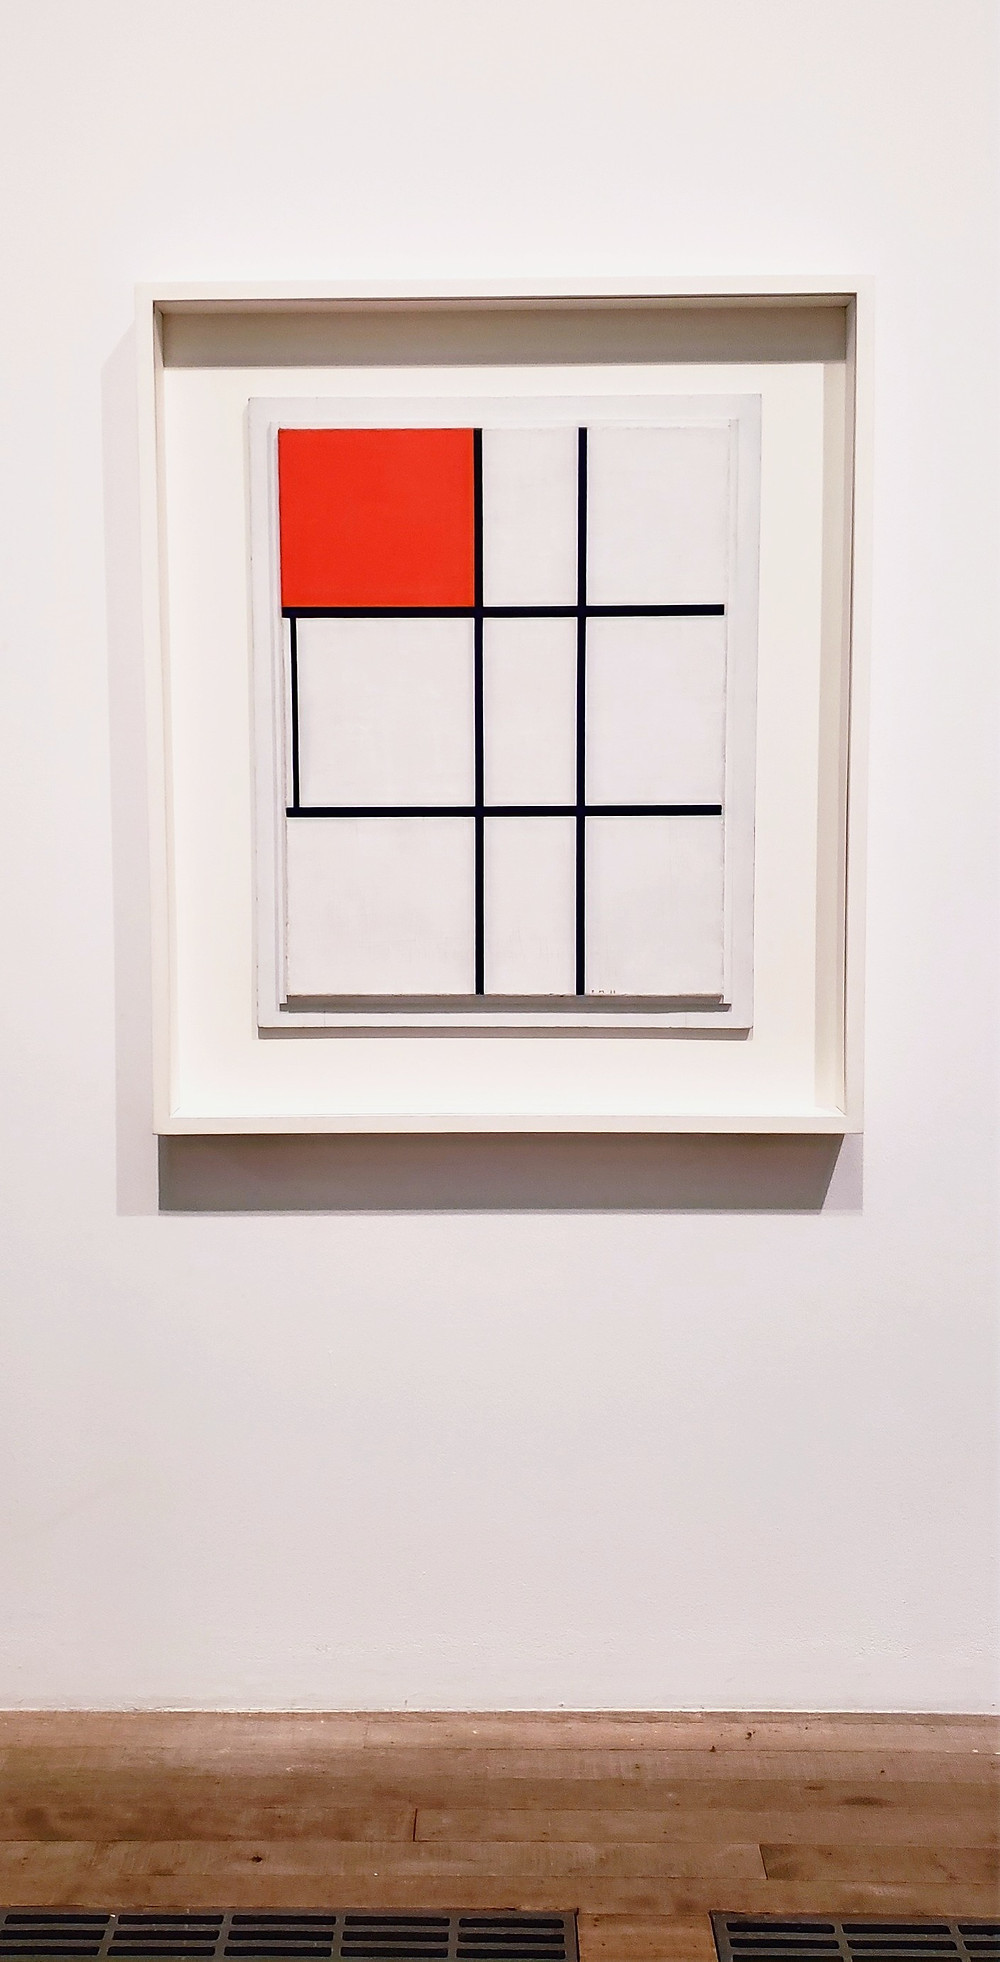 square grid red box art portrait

****************************************

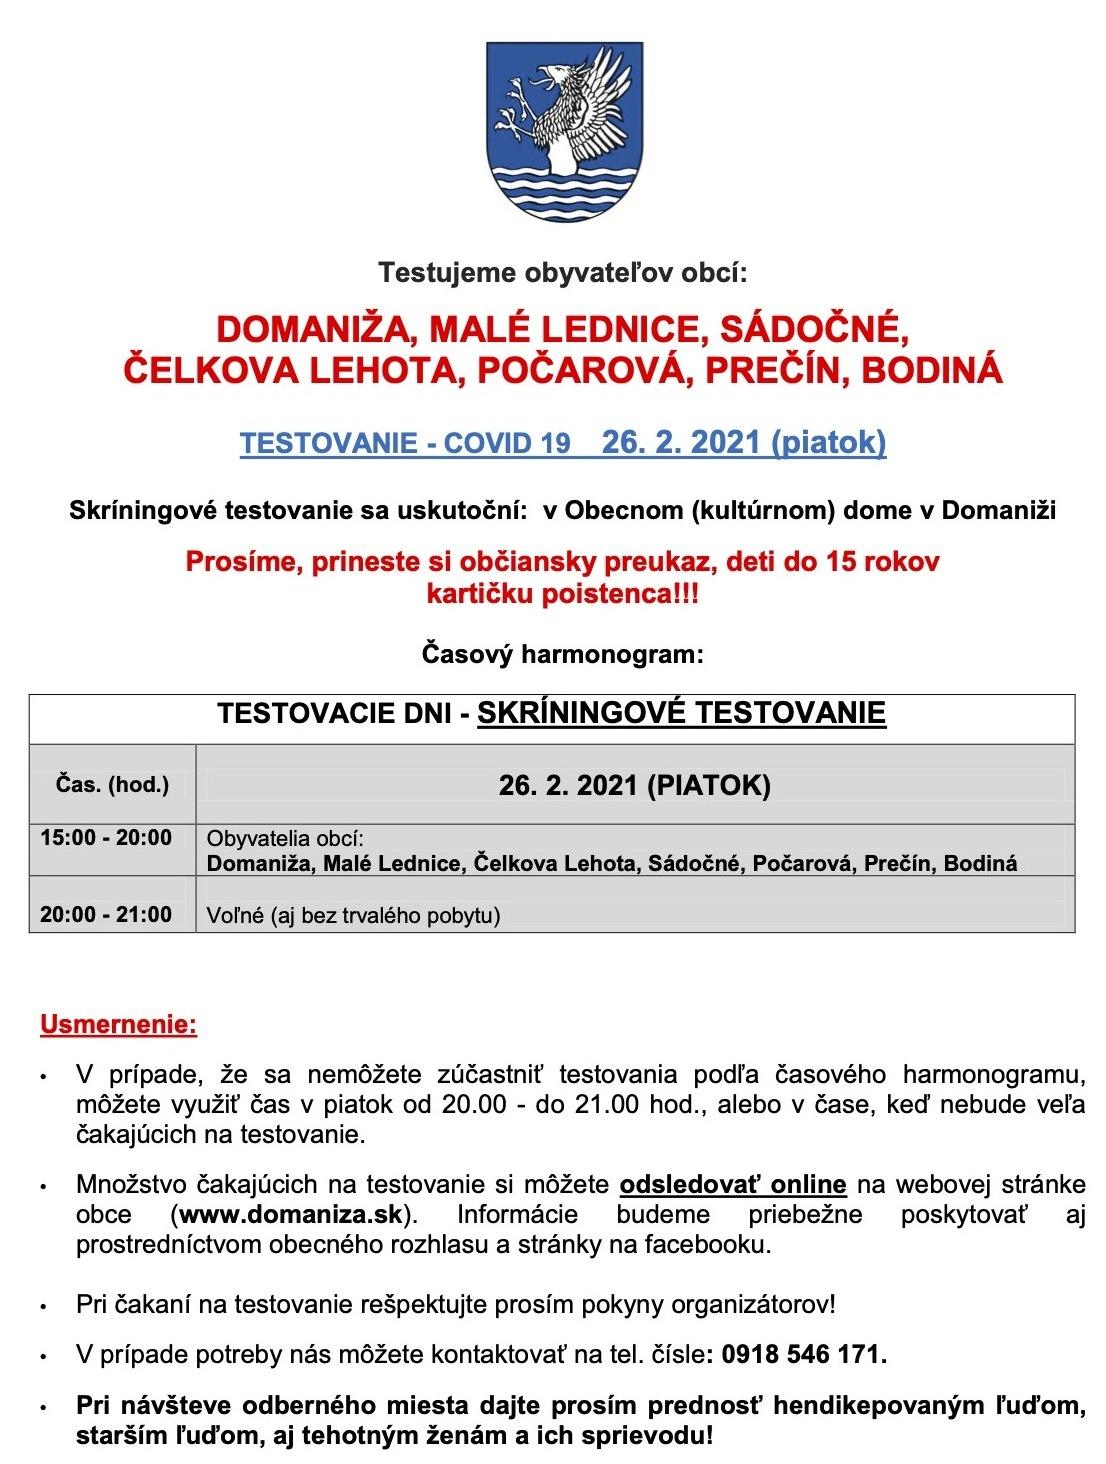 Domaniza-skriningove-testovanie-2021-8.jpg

****************************************

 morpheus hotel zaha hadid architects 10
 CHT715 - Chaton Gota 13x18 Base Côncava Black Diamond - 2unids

****************************************

**Problem requirements**
When you reach the line holding "morpheus hotel zaha hadid architects 10" in the records above, begin reproducing exactly, stop after the line holding "CHT715 - Chaton", and output nothing else.

**Task solution**
 morpheus hotel zaha hadid architects 10
 CHT715 - Chaton Gota 13x18 Base Côncava Black Diamond - 2unids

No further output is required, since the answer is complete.